When I practice yoga, it really is a self exploration for me. If I feel unsettled in my body, or have something on my mind, or maybe I have an ache or a pain or maybe I have so much energy that I need to release it is for me a self enquiry.
Life can hurt us and yoga sure can and has helped me. For me yoga is about peeling away layers of stuckness, layers that are heavy, layers of negativity, layers of uncertainty, layers of insecurity. And I love peeling back my layers to reveal and see how it feels to do my own work and feel the beauty that is freedom. Giving myself, time and space on the mat. Yoga provides a great vehicle for slowing down and learning to truly take care of ourselves. Yoga simply makes us feel better.  Full, deep breathing into all corners of the body makes people feel better. Feel stronger. Feel more energetic. And it has been doing so for thousands of yearsWe all no when we feel stuck, thoughts we cannot shift but most of the time we try to fulfil ourselves through a better time, ignoring our thoughts, maybe a new outfit or waiting for the perfect man.
Choice, freedom, fulfilment is all ours to have. We can continue to stay stuck in the greyness, drone of life or we can live, indulge, embrace everything it has to offer. We can turn all those wishes into reality and fulfil our dreams. And believe me if feels so amazing after the battle I had with myself for years.
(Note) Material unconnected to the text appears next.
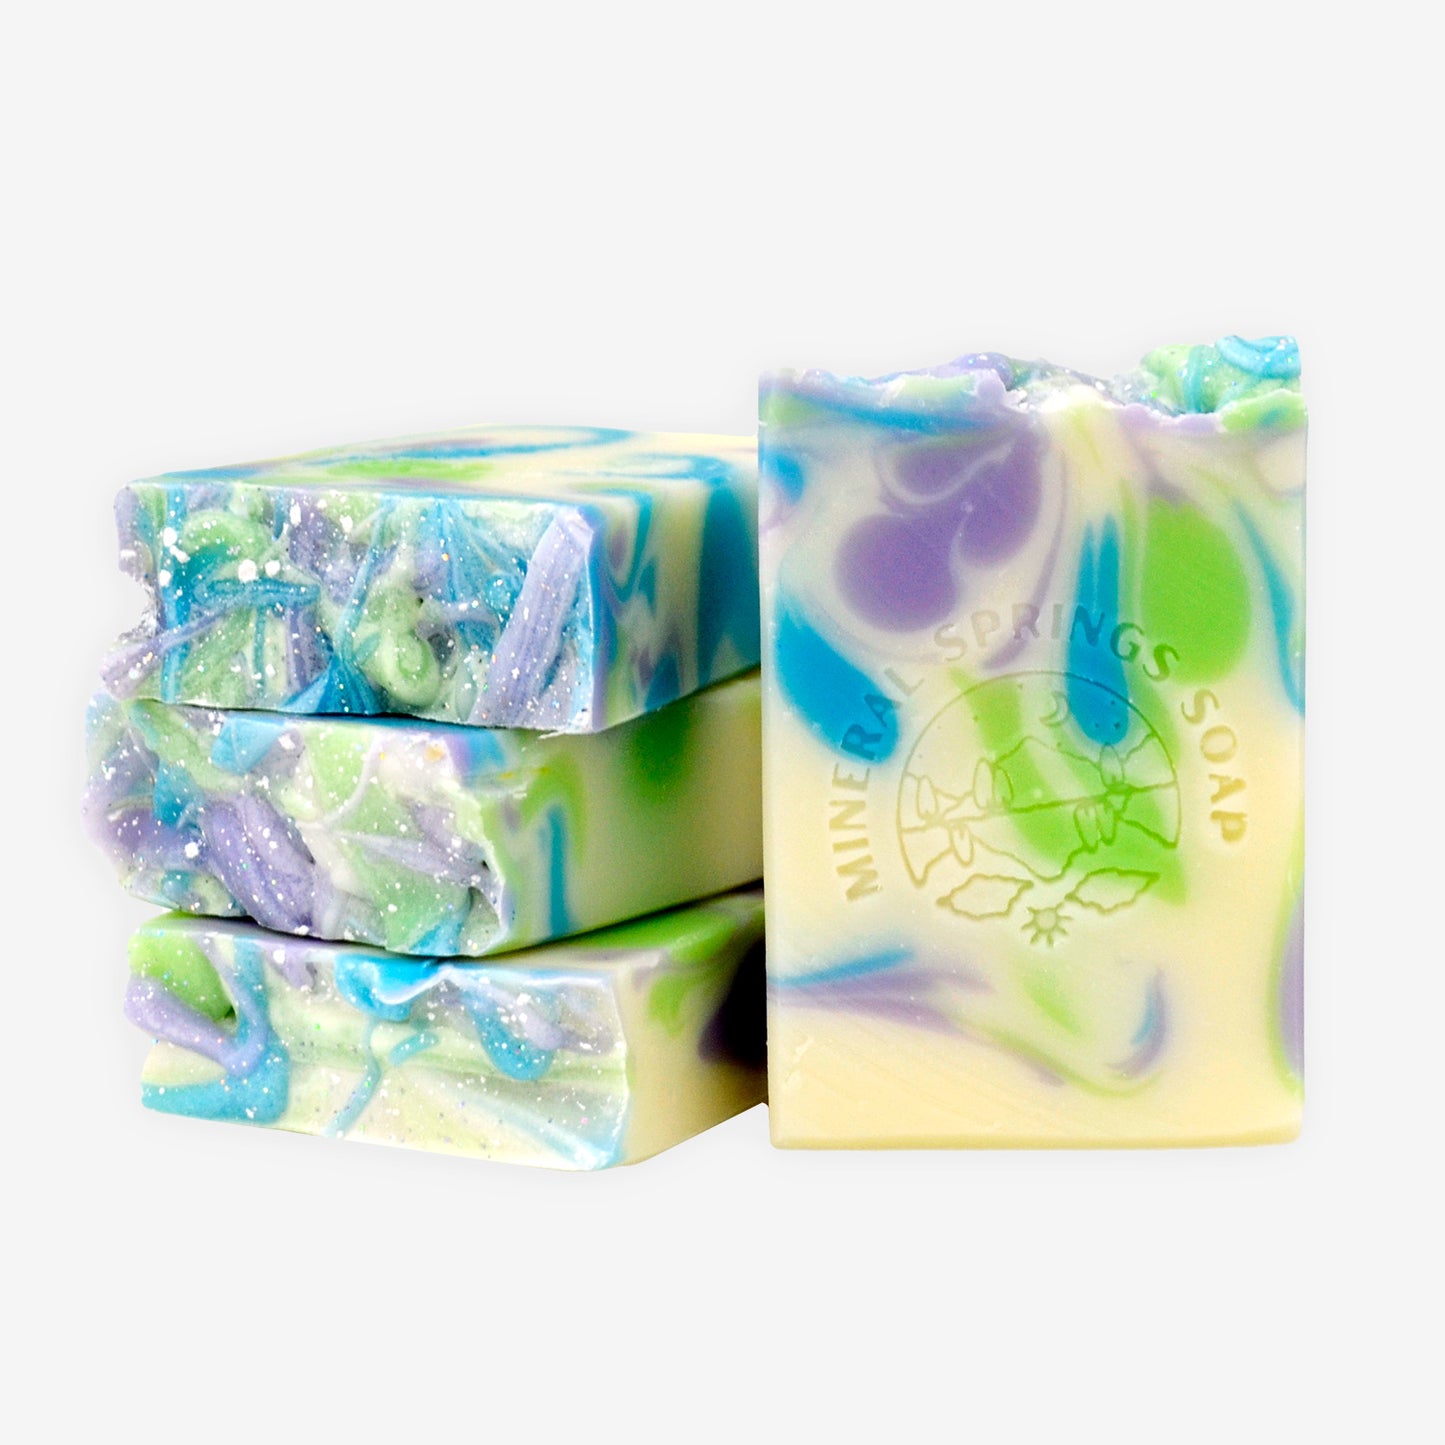 Clarity Rosemary Mint Handcrafted Soap

Whenever someone comes up to me after class or writes me an emotional email to tell me how much they have benefited from their holiday with us and yoga practice. I feel the gratefulness and love from my Father and Mother and will to continue to grow and enjoy this wonderful gift of life together
By simplifying, slowing, and centring on the breath, we cultivate patience, a greater understanding. We can shift our thoughts. We no longer battle with difficulties, but rather learn how to ease through them, and enjoy and embrace the fact that we are here.